En un sistema atravesado por vacantes en la Corte, en juzgados inferiores e incluso en la Procuración, baja confianza social, reformas parciales y desordenadas, irrupción de la inteligencia artificial y atajos que debilitan la defensa técnica, la discusión sobre la Justicia argentina se volvió un eje central de nuestra calidad democratica y un factor decisivo para nuestro futuro. Sumado a la crisis de confianza en las instituciones, en el Congreso, en la política y en el mundo empresario, es un deber moral pensar un sistema judicial que trasmita más transparencia, sea más accesible y otorgue más confiable a la ciudadanía.

Es muy frecuente escuchar que el problema es solo la demora de los procesos, pero ese mensaje simplifica un tema mucho más sofisticado: la necesidad de una reforma de fondo y fortalecer acuerdos politicos en un contexto politico que atenta contra ellos. En este sentido, el sistema arrastra una crisis de legitimidad, de organización y de método. La sociedad percibe a la Justicia lenta, opaca, imprevisible y muchas veces lejana.

En ese contexto, limitarse a discutir cargos, nombres o cambios aislados ya no alcanza. Hace falta una mirada más amplia sobre cómo ordenar un poder que debe garantizar previsibilidad, eficiencia, imparcialidad y profesionalismo, pero acercar la justicia a la gente. Un sistema con esas características no solo fortalece la democracia, la vigencia de la Constitución y el Estado de derecho, sino que también reduce la conflictividad social, mejora la imagen institucional del Estado y da a la economía una certeza básica para funcionar con estabilidad, atrayendo inversiones, crecimiento y desarrollo.

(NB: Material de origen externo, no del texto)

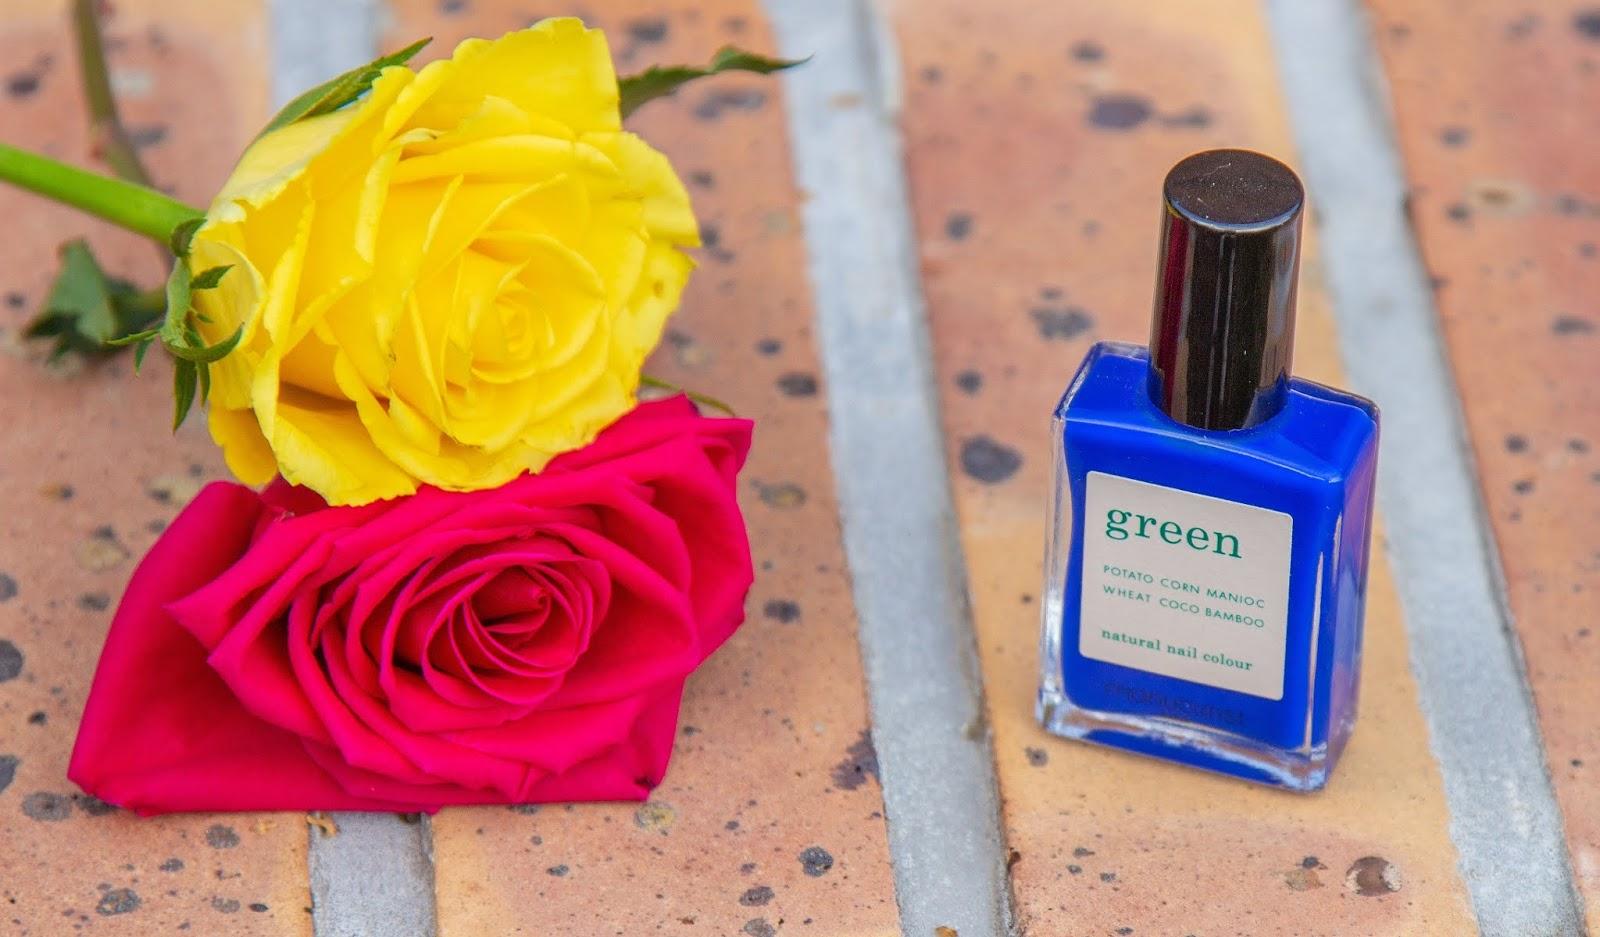 vernis-green-manucurist-bleu-ultramarine

En términos políticos, el nudo del problema está en otro lado: en la incapacidad de la dirigencia politica para tender puentes para lograr acuerdos que puedan no solo cubrir las iterminables cantidad vacantes en un poder que necesita estabilidad, continuidad y autoridad. Esta falta de acuerdos se refleja en el funcionamiento de los ultimos años del Consejo de la Magistratura, creando un coctel que profundiza la crisis de la Justicia al bloquear acuerdos para designar jueces, completar ternas, fortalecer la Procuración y ordenar una Corte que sigue funcionando con tensiones y sin resolver del todo su problema de última palabra. Mientras el sistema siga crujiendo con cargos interinos, vacantes sensibles y acuerdos que no llegan, la previsibilidad que debe ofrecer la Justicia seguirá debilitándose. No casualmente, el Colegio Público de la Abogacía de la Capital Federal respaldó en marzo la reforma del sistema de concursos para jueces impulsada desde la Corte Suprema: porque sin procedimientos de selección más ágiles, transparentes y técnicamente sólidos no hay salida institucional seria.

Desde el aspecto del ejercicio concreto, vale la pena poner en el centro una propuesta de fondo que hace mucho desde la dirigencia politica jovene se viene trabajado: la oralidad en todos los fueros y la construcción de plazos concretos, como parte de una transformación más amplia del modo de ejercicio de la Justicia nacional. No se trata solo de cambiar una técnica procesal. Se trata de volver más nítidos los tiempos, más visibles los debates, adaptar el ejercicio profesional a las demandas tecnologicas actuales y hacer más comprensible la intervención judicial para la gente. La oralidad permite que las personas entiendan qué se discute en los puntos centrales de su proceso, cuándo se decide y quién sostiene cada posición. También le devuelve al abogado y a la abogada una voz fuerte en un debate público, y un protagonismo directo en la defensa de sus representados, mostrando un sistema más claro que el escrito actual.

Ese cambio no corre aislado. Va de la mano con otras discusiones, como el pasaje del sistema penal inquisitivo al acusatorio, con un rol más activo del fiscal, y con experiencias que ya muestran cómo la inmediación puede acercar la Justicia a la sociedad, como ocurre con el juicio por jurados. En todos esos casos, el punto es el mismo: discutir menos burocracias y más el conflicto de fondo, con reglas claras, plazos preestablecidos y un sistema capaz de procesar mayor volumen de trabajo en un mundo cada vez más acelerado.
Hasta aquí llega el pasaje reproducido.